David Mamet’s brassy Broadway comedy about a president facing a tough reelection season, November, was more or less been savaged by the New York critics when it opened in January. Ben Brantley called it “glib and jaunty” and “an easy laugh machine” in his review for The New York Times; “the play rings false,” wrote Jeremy McCarter in New York magazine. The play may not be as intelligent as Mamet’s screenplay for Wag the Dog in terms of its satire on political spin, many of the jokes are cheap, and the plot may be as far-fetched as the outcome of the 2000 U.S. elections. But the production, which I witnessed over the weekend during a trip to New York, has merits nonetheless.

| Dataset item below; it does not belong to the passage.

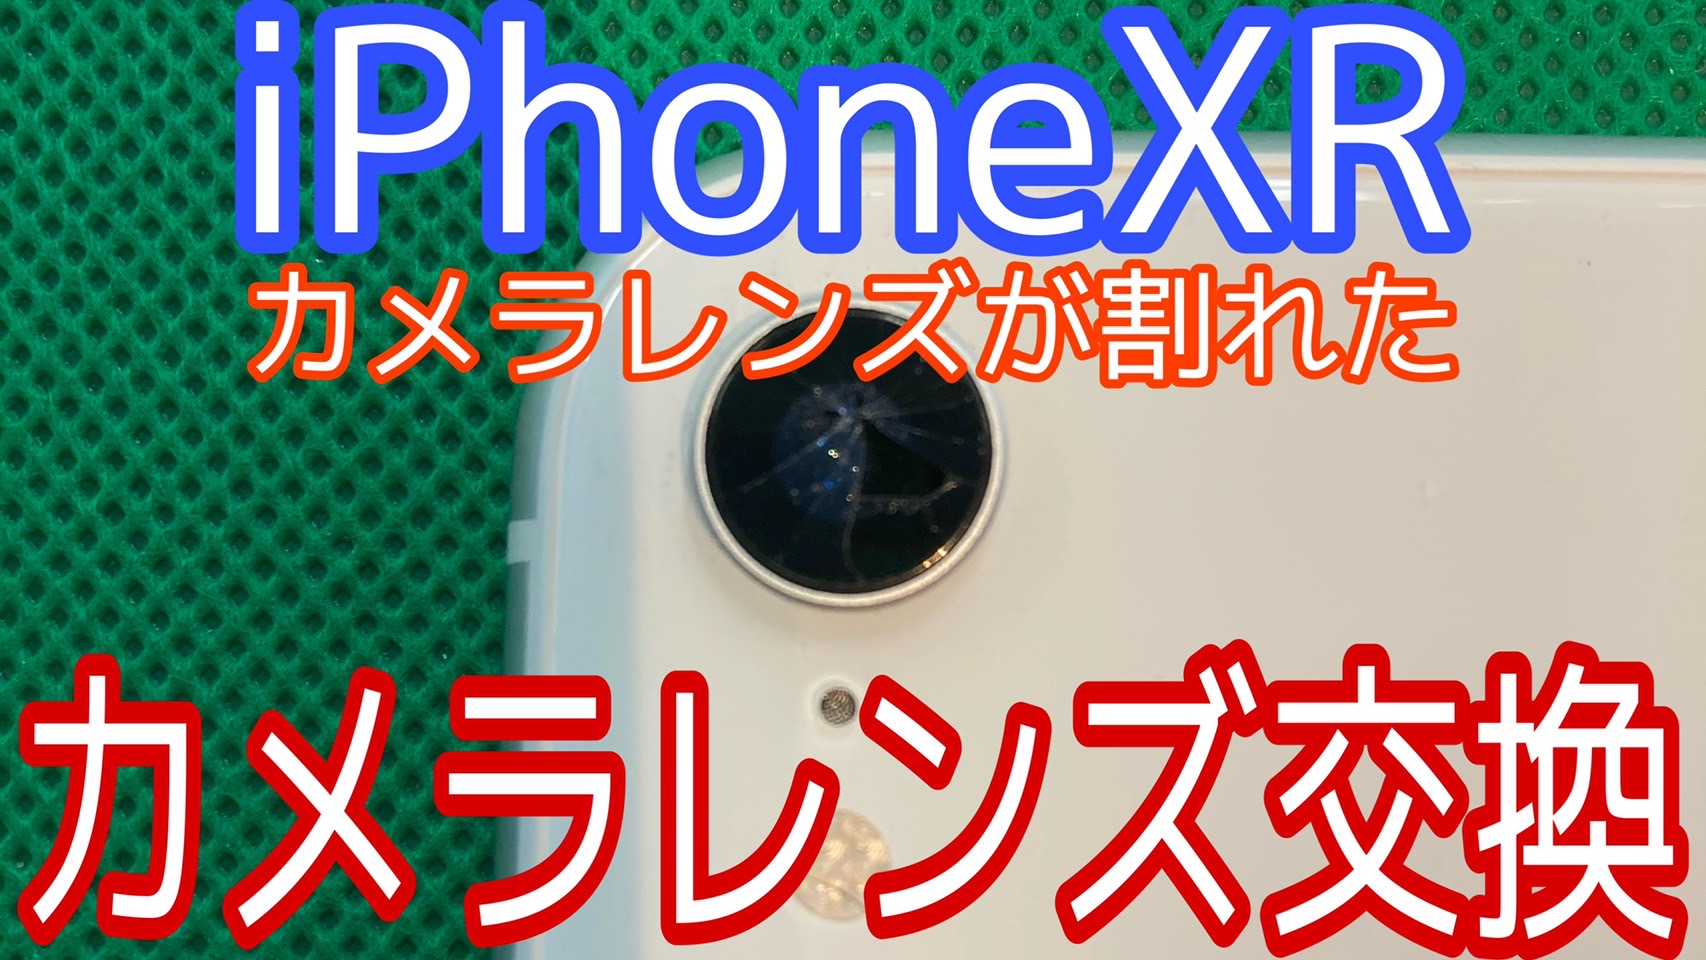 iPhoneXRアイキャッチ画像

Chief among these is probably one of the most brilliantly conceived and beautifully constructed stage props I’ve ever seen. I’m talking about the antique globe that stands inconspicuously in a corner of set for half of the play, before suddenly taking on a new and unexpected life as a fetishistic kind of mini-bar. “I understand the world,” says President Charles “Chuck” Smith (played at caffeinated pitch by Nathan Lane), taking the top of his globe-shaped drinks cooler off like it’s the lid of a giant banqueting dish and casually reaching for a bottle of ice-cold beer. The prop is only used once during the course of the play, but Mamet’s entire satire is right there inside that bit of office furniture along with those Budweisers.

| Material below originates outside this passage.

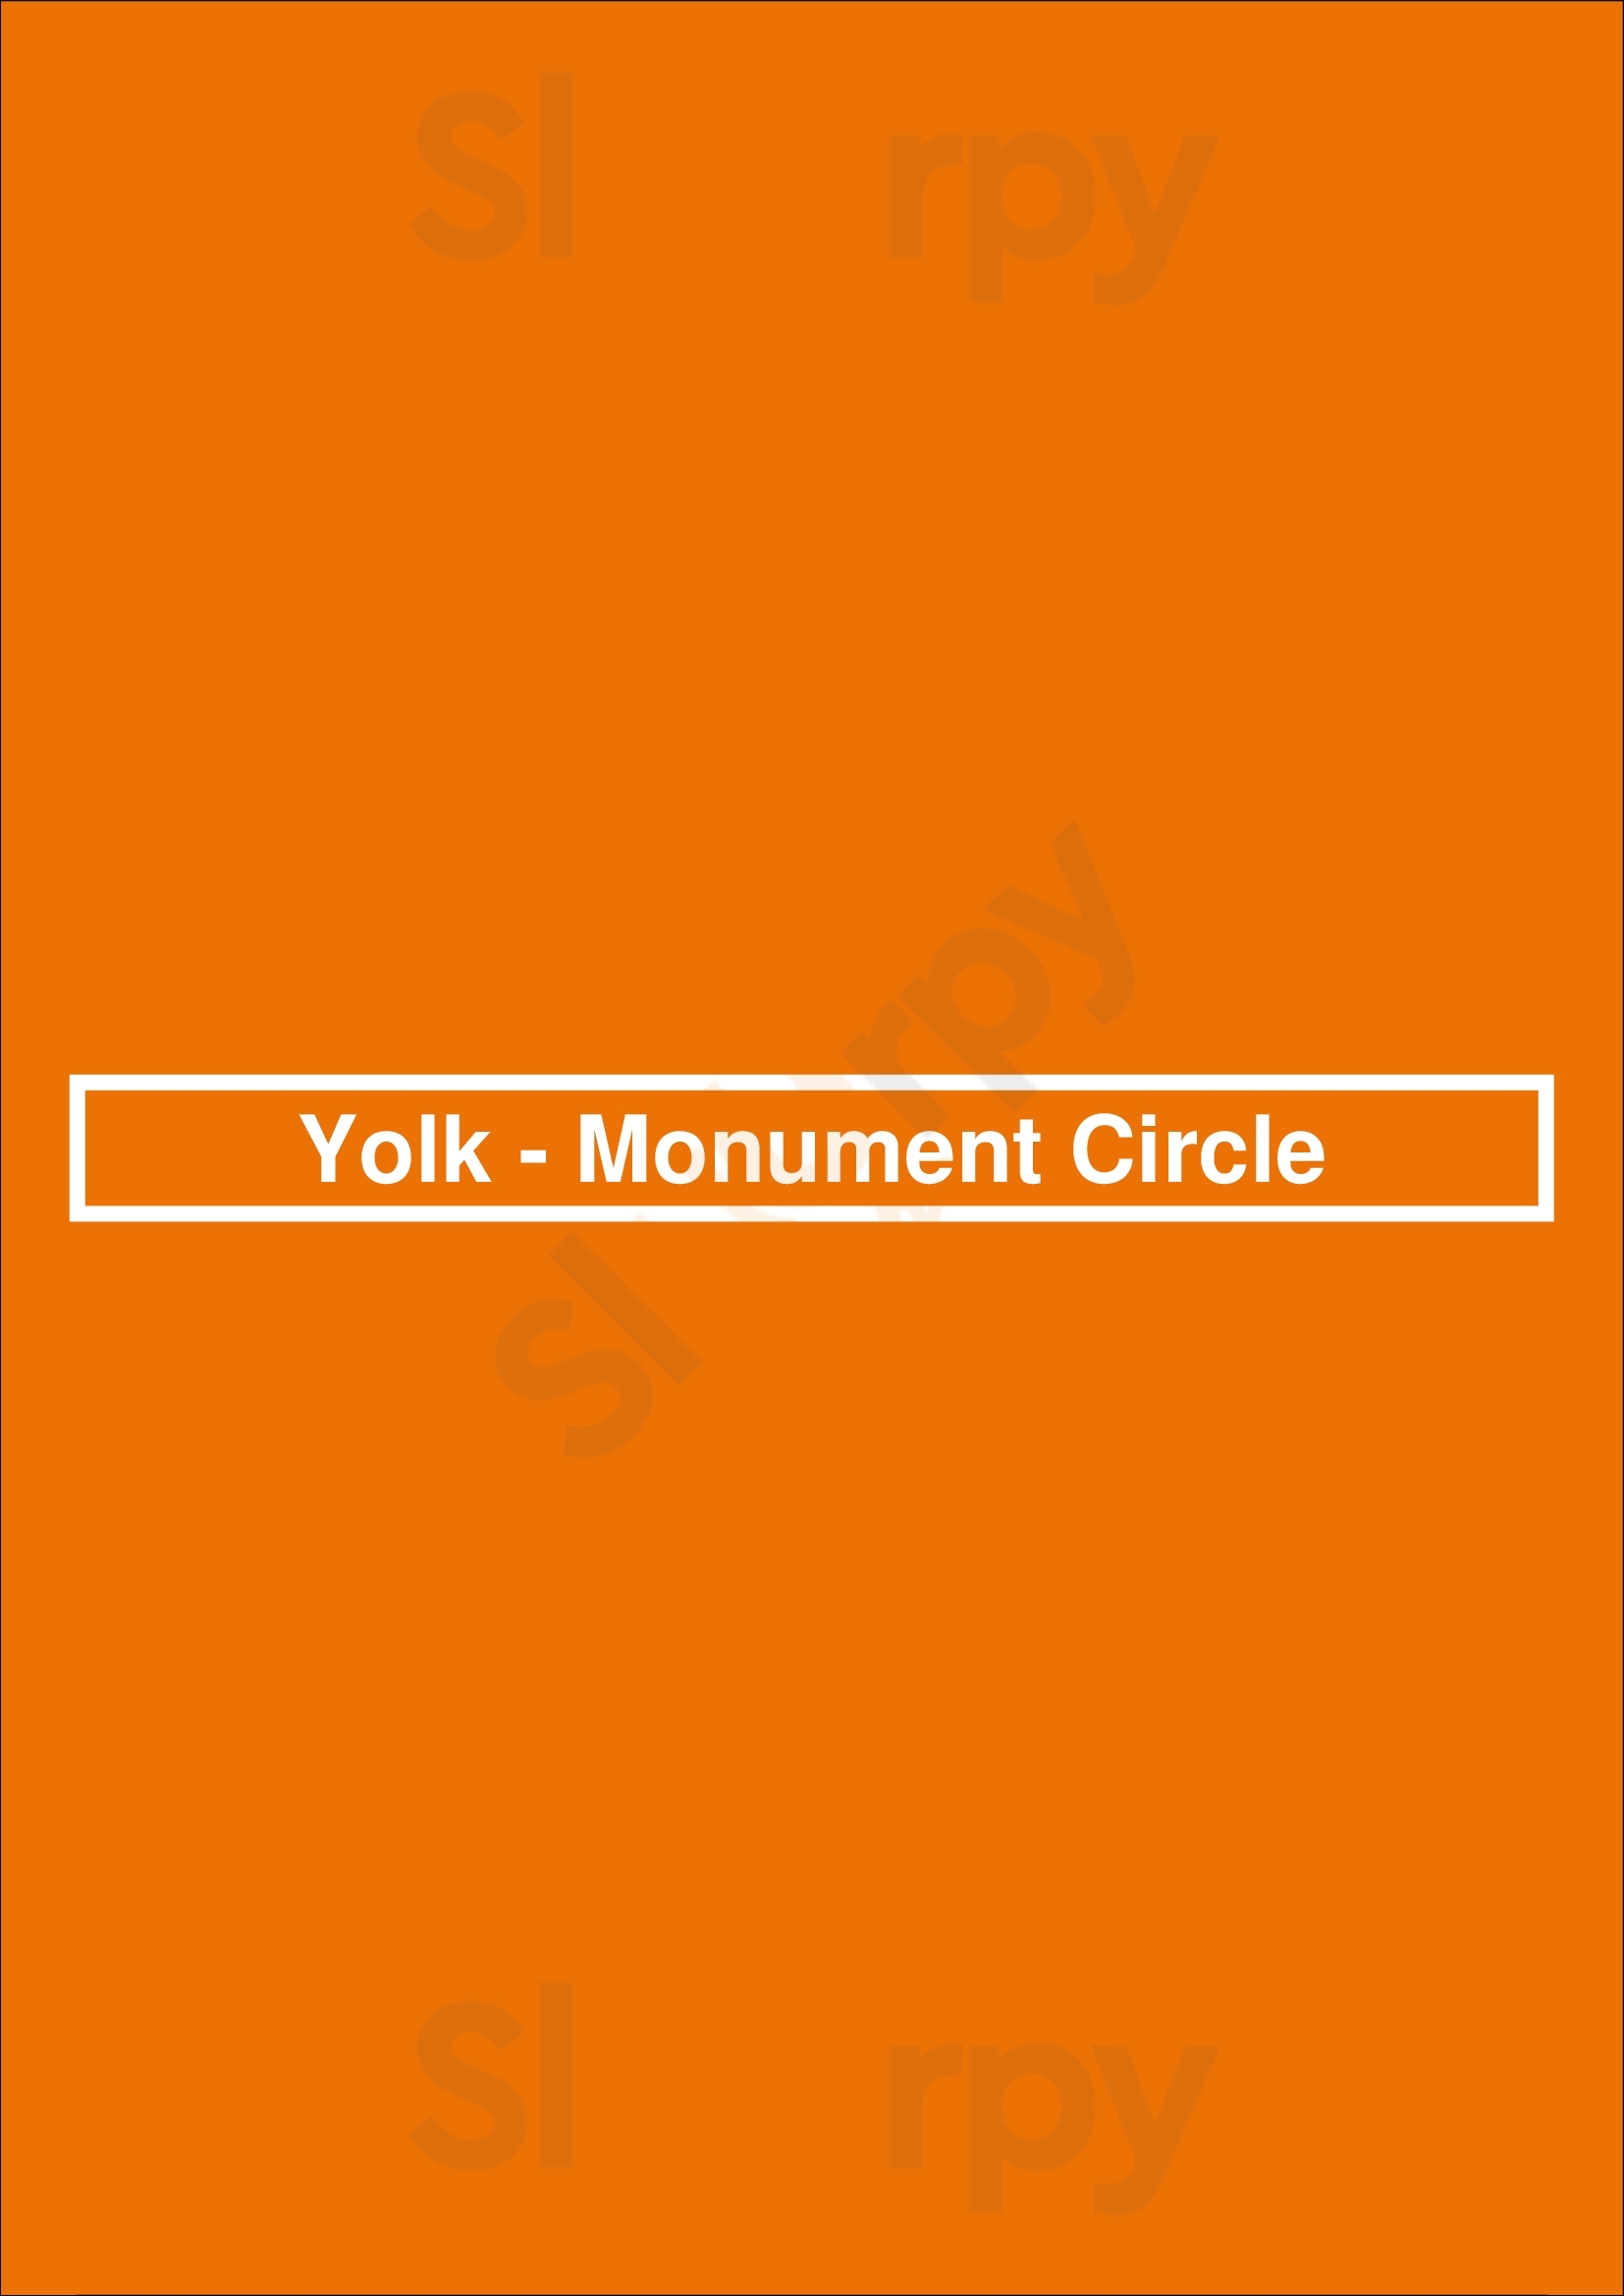 Yolk - Monument Circle Indianapolis Menu - 1

November also has some interesting things to say about the relationship between performance and politics, a subject close to my heart right now.
One of the play’s core themes is the political machine’s foregrounding of superficial form over substantive content. As such, news of major and pressing world events such as the war in Iraq and the possibility of an invasion by Iran are quickly superceded by, among other nonsensical issues, the President’s desire to exhort as much money as he can out of a representative of the National Association of Turkey By-Products Manufacturers in order to fund his presidential library.
Mamet further pokes fun at Smith’s obsession with empty gesture by making the character refer in a ham-fisted way to cue cards containing personal information about all the people the president meets. The idea behind the cards is to convey the (false) impression that the President knows and cares about the little details of his subjects’ lives. Elsewhere, and on a related note, one of the most memorable scenes occurs when Smith’s right-hand-man, Archer Brown (a slick Dylan Baker) hands the President a list of “off-the-cuff remarks” to memorize and insert into the next day’s business. The oxymoron inherent in rehearsing something that is supposed to be improvisatory tells us a lot about the extent to which politicians’ behavior can be likened to a carefully-manicured garden lawn — and just how easy it is for weeds to grow there nonetheless.
There’s no subtlety to November. The farce is as broad as Lane’s maniacal chipmunk grin. Yet that’s the point. Lane may spend more of his time on stage mugging than acting, but there’s a nugget of truth to his pretty awful performance. The entire play is a study in bad acting after all. It perfectly reflects just how bad the acting can be in The Whitehouse.